Первое, что вижу, думая о нем, это морщины на его лице, глубокие, густые, цветом и формой напоминавшие мне складки мешковины. Да-да, может, когда-то этот мешок и был набитым светилообразным, но с годами из него все выбирали и выбирали содержимое, допустим, муку-нулевку, пока не опростали совсем и, пустой, выбросили в угол. Складки его в последний раз просели и застыли теперь уже навсегда. Очки вспоминаются, роговые, старенькие, в нескольких местах перебинтованные изолентой.
Работа у Алексея Васильевича стоячая, все время на ногах, с опущенной головой, потому к дужкам очков, чтобы на нос не слезали, он привязывал еще резинку. Черт
Как уже было сказано, согнула Алексея Васильевича работа. В нашем городке был, да он есть и сейчас, неказистый ремзавод, на котором для всей округи ремонтируют автомашины. На этом заводе Алексей Васильевич лет тридцать занимался одним и тем же: прикручивал к коленчатым валам маховики. Работа нехитрая: берешь коленвал автомобильного двигателя, ставишь его стоймя, фиксируешь скобой, чтоб не свалился, с помощью простейшего прибора — индикатора — проверяешь, насколько гладко обработана его шейка. Потом берешь маховик — не так лихо, не так лихо: в нем килограммов двадцать весу, поднимаешь на высоту вала (чтоб понятнее — на уровень собственного пупка), ставишь на шейку, скрепляешь их болтами, проверяешь индикатором, нет ли перекосов и — готово, можешь снимать коленвал, уже оснащенный маховым колесом, без которого двигатель не имел бы половины своей мощи. Пол в цехе, как и на всем заводе, земляной, и продукцию просто сбрасывали на землю, не боясь, что это повредит ее качеству.
Алексей Васильевич знал в цехе и другие операции, но его держали на этой; тут он один обеспечивал коленвалами весь завод. И сноровка сказывалась, и конституция. При слове «сноровка» по инерции представляются лихорадочные, как в старой кинохронике, движения, но это не так. Маслюк работал сдержанно, без пыла, он въедался в работу.
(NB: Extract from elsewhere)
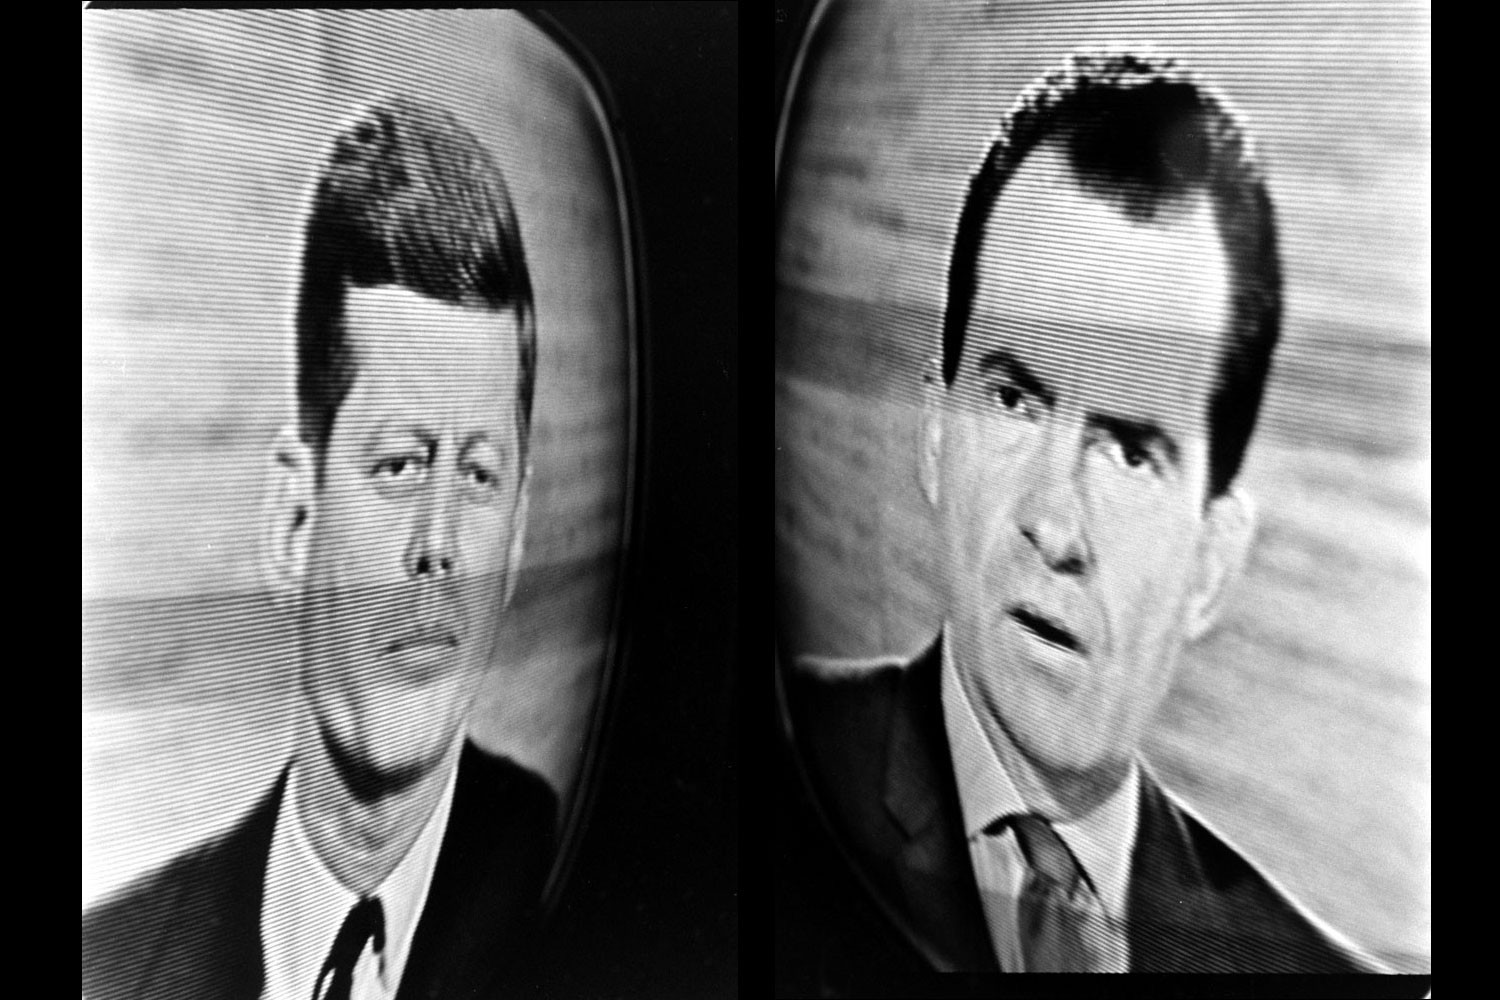 Two images made during the Kennedy-Nixon debates, 1960.

Написал «въедался» и вспомнил, как давным-давно, еще до интерната, в своем родном селе любил наблюдать с мальчишками за работой двоих немых мужиков, нанимавшихся копать колодцы. День — колодец. Что-то колдовское в их размеренной, ни на минуту не прекращавшейся работе. Может, потому что она и была бессловесной? Из нее изъяли слово, и она стала слитной, как тяжелая, устремившаяся вдаль река. Немые действительно въедались в работу: по пояс, по грудь, с головой. Потом один из них оставался там, в земле, а другой принимал от него на веревке тяжеленную бадью с глиной. Мы, как завороженные, сидели на корточках на берегу этой реки, следя за ее глухим неостановимым бегом, и, если кто-то из землекопов, подняв голову, прикладывал ладонь к сухим губам, были счастливы сорваться с места и наперегонки лететь в хату за кружкой холодной воды.
Немые худы, горбаты, длинноруки и серы от земли, как степные кузнечики. Немые вообще страшно работоспособны. Взгляните на их руки — это руки профессиональных землекопов.
Маслюк, работая, тоже молчал…
Как появился он на нашем небосклоне?
В девятом классе началось производственное обучение. В интернатах, опять же в отличие от обычных школ, отношение к нему серьезнее, всамделишнее, что ли: тут не только воспитатель, но и сами воспитанники понимают, что любое ремесло за плечами не носить. Оно, как хлеб, само себя несет. Девчонок определили учиться на местную ткацкую фабрику, нас — на ремзавод. Ходили туда два раза в неделю. Ходили весело, шумно, артелью — производственное обучение внесло желанное разнообразие в нашу расчерченную интернатскую жизнь, от него пахнуло предчувствием самостоятельности, взрослости, а мы к ней торопились чрезвычайно. Когда пришли на завод впервые, нас собрали в кабинете по технике безопасности, перед нами выступил кто-то из заводского начальства, сказал о значении связей с жизнью, о славных традициях форпоста местной промышленности, потом сюда же, в кабинет, пригласили группу рабочих: «Выбирайте».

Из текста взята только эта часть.